You can’t be an environmentalist and eat animal products. Period! Kid yourself if you want. If you want to feed your addiction, so be it. But, don’t call yourself an environmentalist.
— Howard F. Lyman
Those are damning statements, and potentially inflammatory for people who routinely enjoy beef, poultry, fish, and dairy in their diets, yet consider themselves to be respectful of conserving natural resources — recycling, ride-sharing, not wasting water.
What do you think of that quote that strikes at the heart of our preference for eating meat? Can animal agriculture really be such an egregious environmental enemy? What if even the mainstream press began to present proof to back up statements like these?
What if you saw a film that illustrated our path toward climate calamity, claiming it is largely a result of our lust for animal agriculture?

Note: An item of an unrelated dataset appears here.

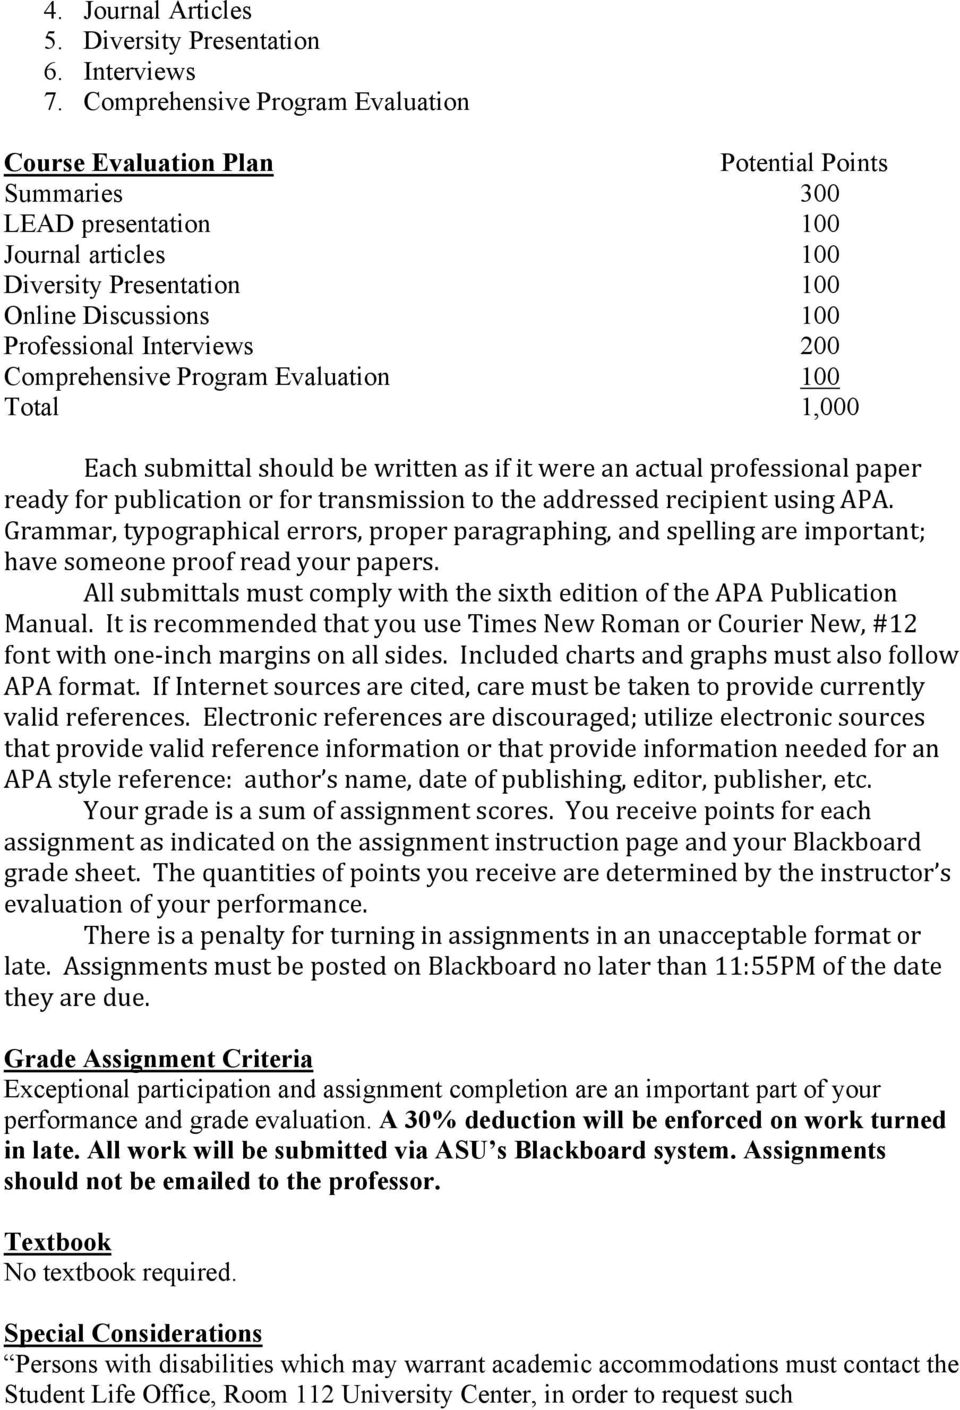 Interviews 200 Comprehensive Program Evaluation 100 Total 1,000 Each submittal should be written as if it were an actual professional paper ready for publication or for transmission to the addressed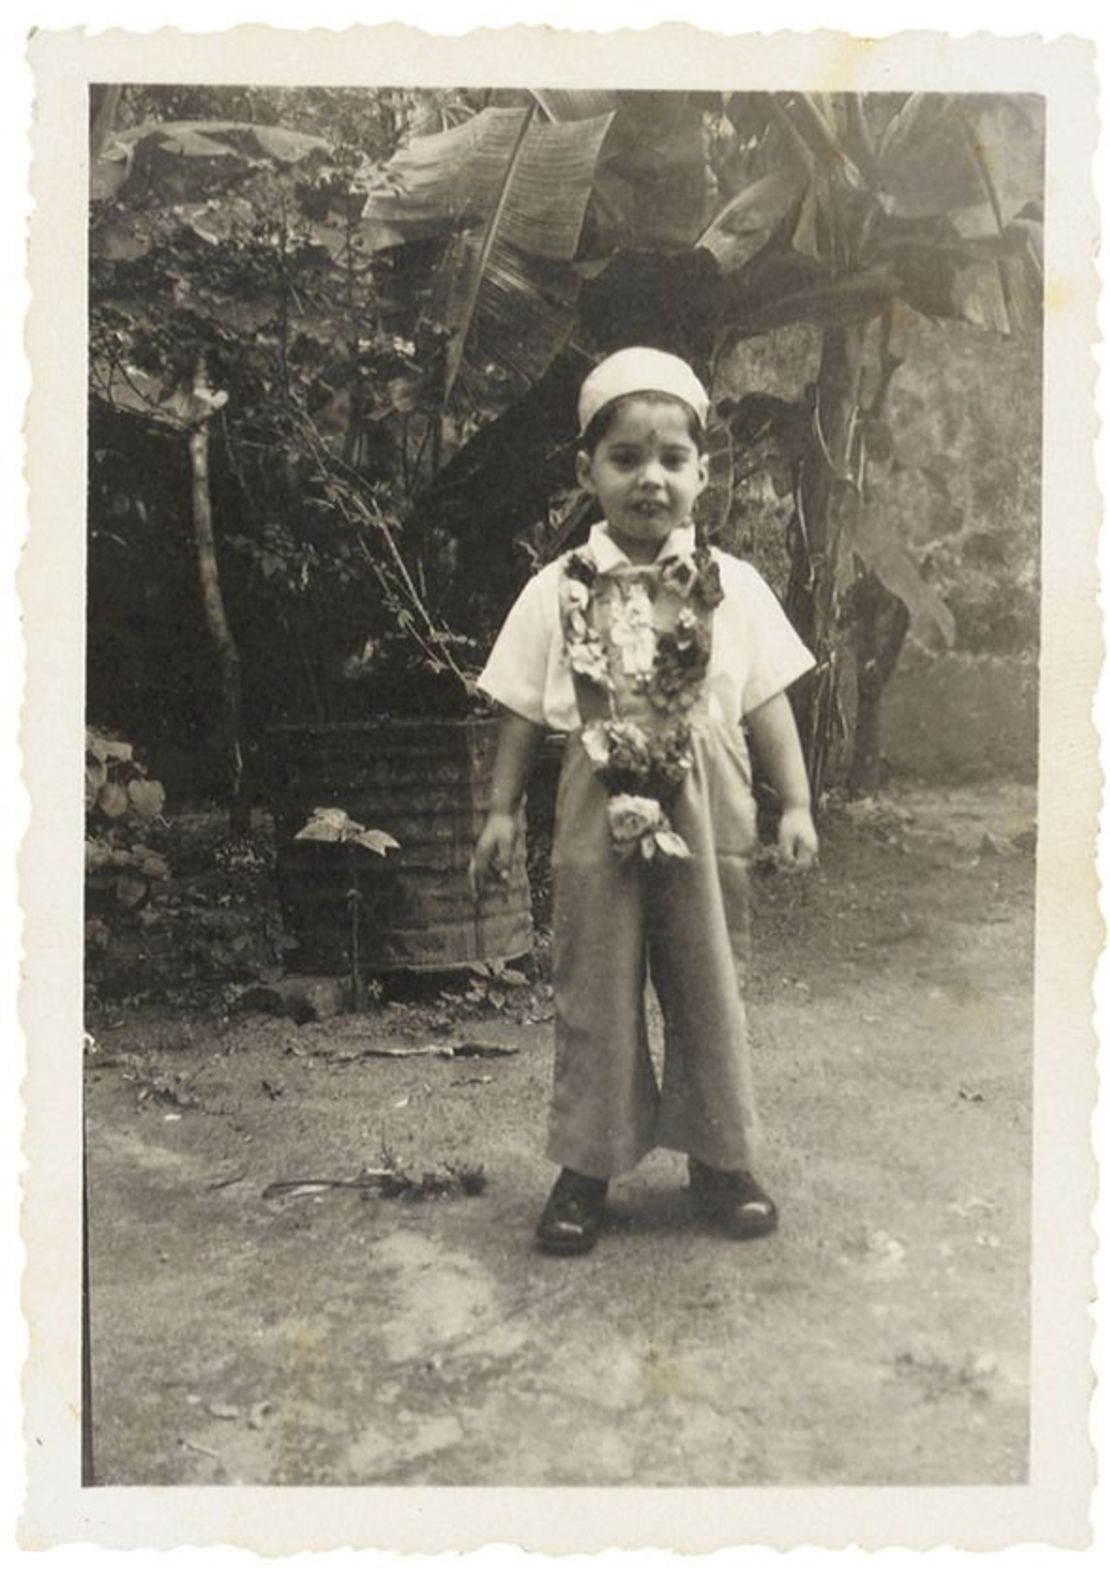 This photo, showing Freddie Mercury on his 4th birthday in Zanzibar, is one of the rare childhood pictures on display in the museum.

Controversy has followed the 2014 documentary, “Cowspiracy,” written and directed by Kip Andersen and Keegan Kuhn, and executive produced by Leonardo DiCaprio. This is a remarkable film that lays its case before the public, highlighting the massive environmental destruction resulting from animal agriculture.
Animal-Based Agriculture. Say What?
The statements above?
Cue Howard F. Lyman, fourth-generation former Montana cattle rancher, author of the 1998 book “Mad Cowboy: Plain Truth from the Cattle Rancher Who Won’t Eat Meat,” speaking in “Cowspiracy.” Unlike many documentaries we may see, this riveting, exceptional film will grab you by the throat and not let go. It is a film that changes lives, explaining this staggering fact:
Animal-based agriculture is the number one cause of climate change in the world today.
What else will you learn?
Animal agriculture includes beef, lamb, chicken, other poultry, pork, eggs, fish and shellfish — resulting in the single greatest:
- Source of greenhouse gas
- Cause of environmental destruction
Sizing the challenge?
Estimates of the number of farmed animals (not counting fish) raised annually on a global basis vary. I’ve seen everything from 56 billion farmed animals raised for human consumption annually to over 100 billion. Let’s take a figure somewhere in the middle, say 70 billion, and think about it. Our global population (2015) is approximately 7.3 billion. That’s roughly 10 farm animals per person per year — so we can eat — and that figure, of course, is growing as the population is growing.*
Do we really think this is sustainable?
Imagine the amount of land, food, and water needed to maintain livestock alone — billions of them — and the natural ecosystems destroyed and re-purposed in order to feed and raise them, in order to feed us, not to mention the ethical and health issues involved in factory farming, also known as industrial farming. Then there are the environmental costs of transporting these animals to our markets and subsequently to our tables.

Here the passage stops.